++++ Data for this task

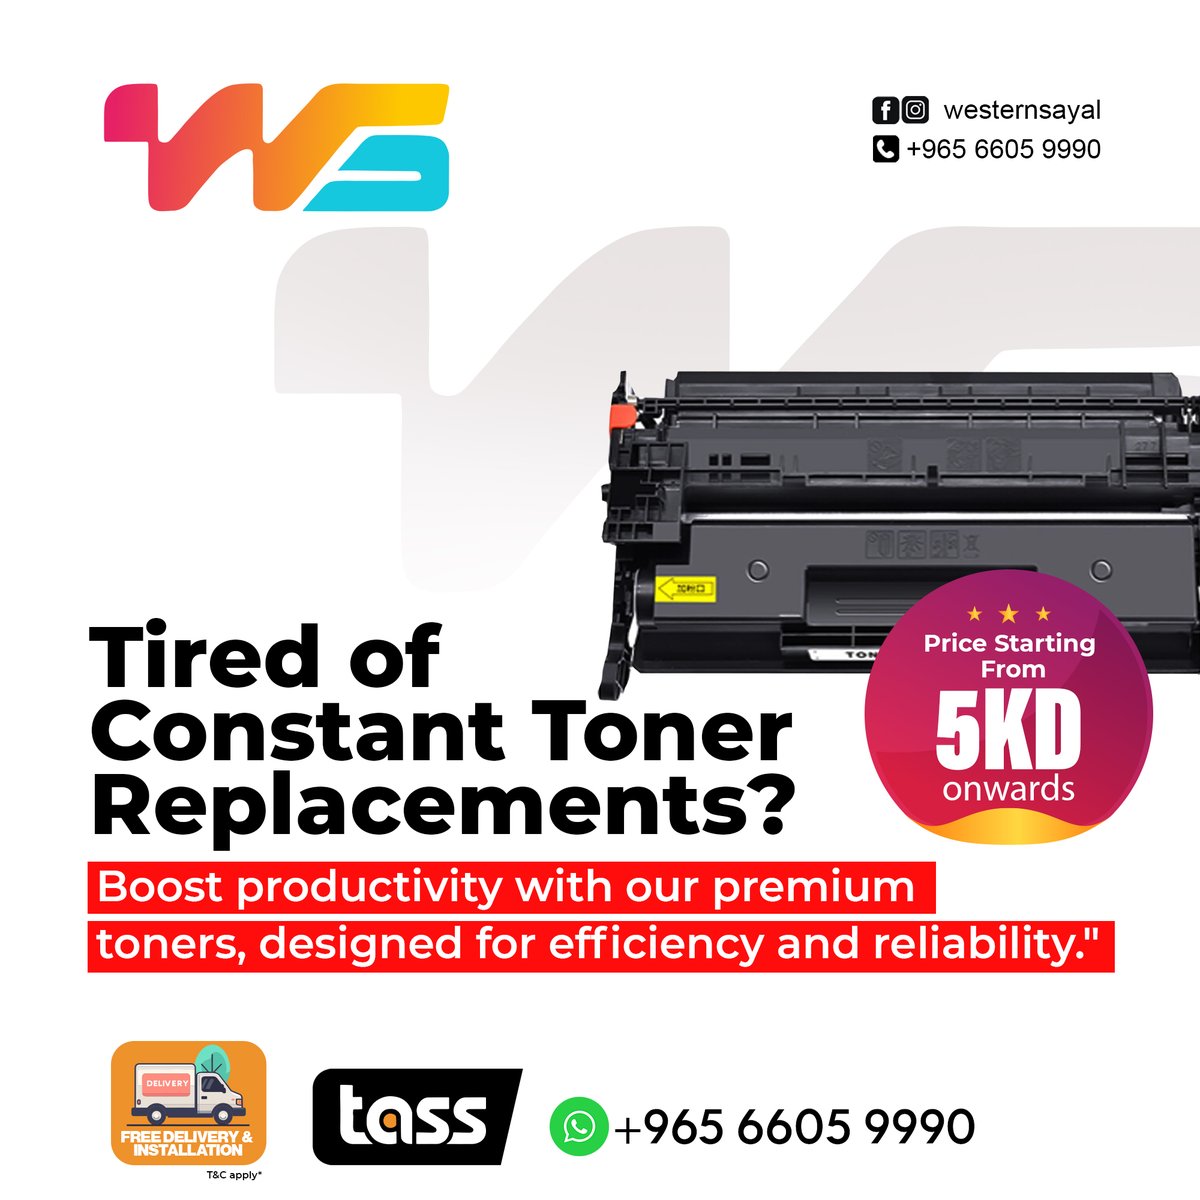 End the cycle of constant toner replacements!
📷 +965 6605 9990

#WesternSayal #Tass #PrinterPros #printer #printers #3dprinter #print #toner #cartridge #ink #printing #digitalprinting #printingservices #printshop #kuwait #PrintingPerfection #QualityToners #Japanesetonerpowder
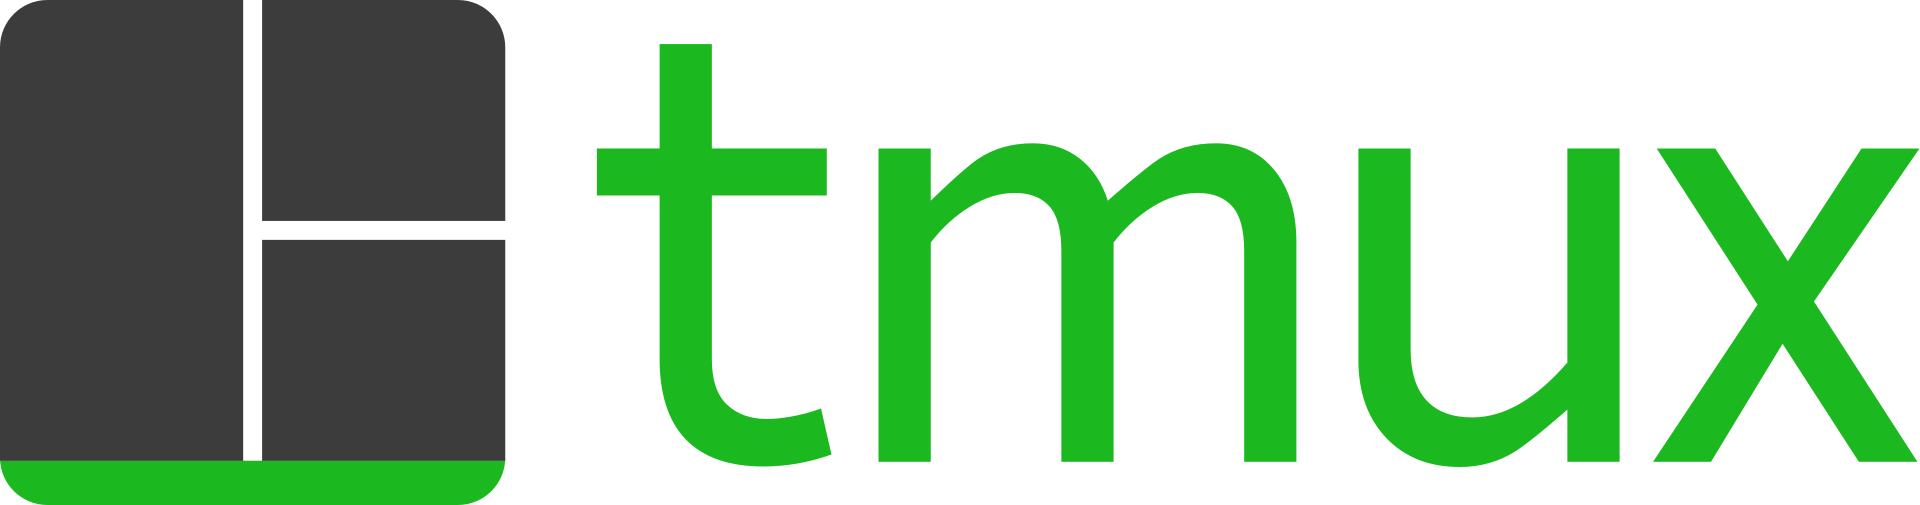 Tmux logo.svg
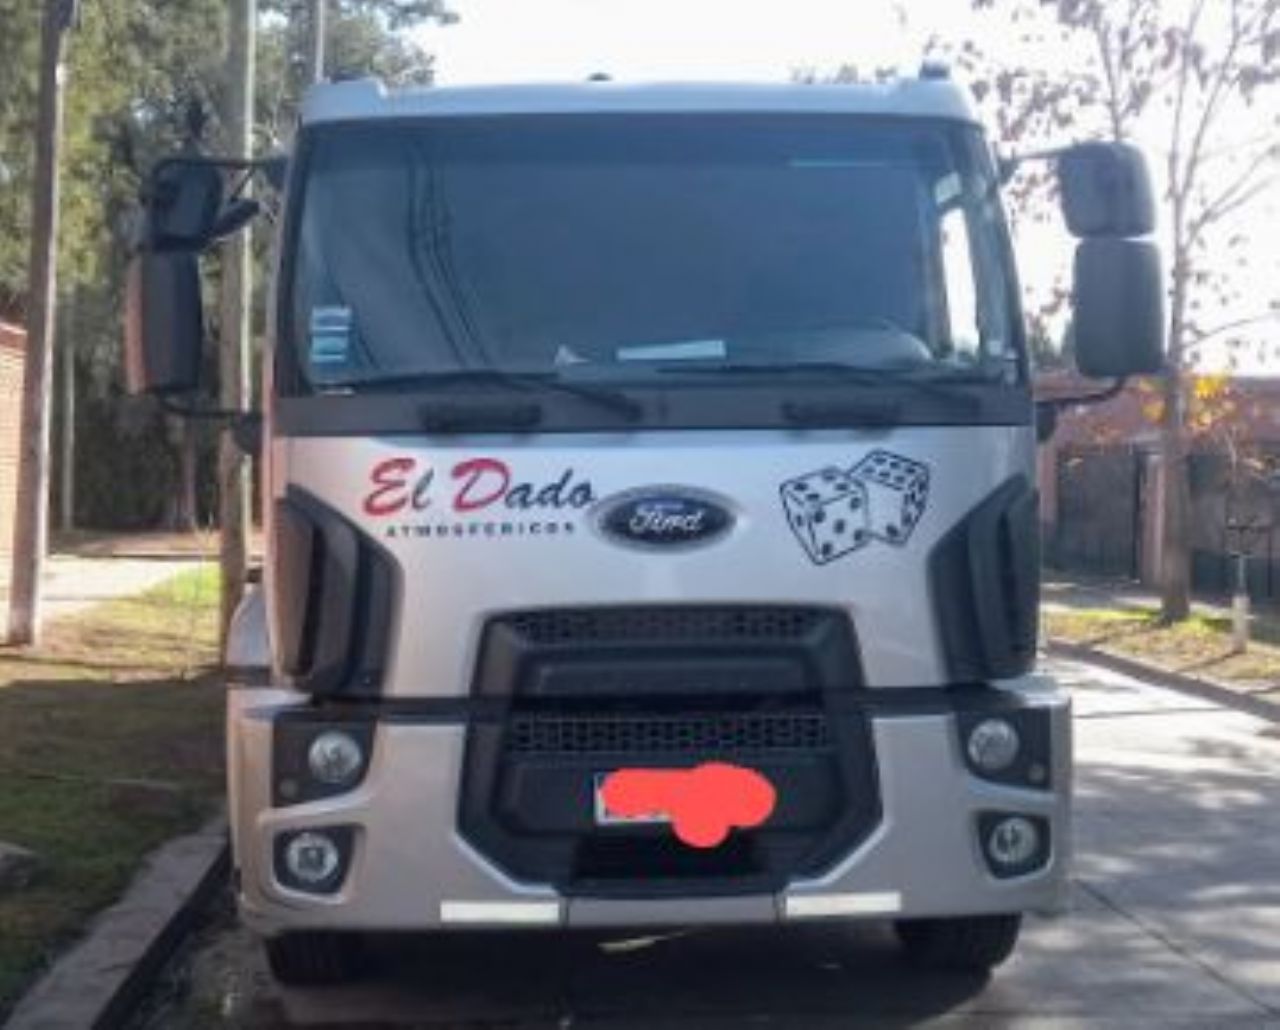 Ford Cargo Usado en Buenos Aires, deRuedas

++++++++
++++ Data for this task

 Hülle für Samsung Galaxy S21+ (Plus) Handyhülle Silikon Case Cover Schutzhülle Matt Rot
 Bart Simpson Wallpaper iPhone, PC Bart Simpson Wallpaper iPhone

++++++++

§ **Task to complete**: Only one stretch of the listing above is to be duplicated: the lines from the one containing "End the cycle" through the one containing "Ford Cargo Usado en Buenos Aires, deRuedas", both included. Copy them exactly, minus the pictures.

§ **Reply to the exercise**:
 End the cycle of constant toner replacements!
📷 +965 6605 9990

#WesternSayal #Tass #PrinterPros #printer #printers #3dprinter #print #toner #cartridge #ink #printing #digitalprinting #printingservices #printshop #kuwait #PrintingPerfection #QualityToners #Japanesetonerpowder
 Tmux logo.svg
 Ford Cargo Usado en Buenos Aires, deRuedas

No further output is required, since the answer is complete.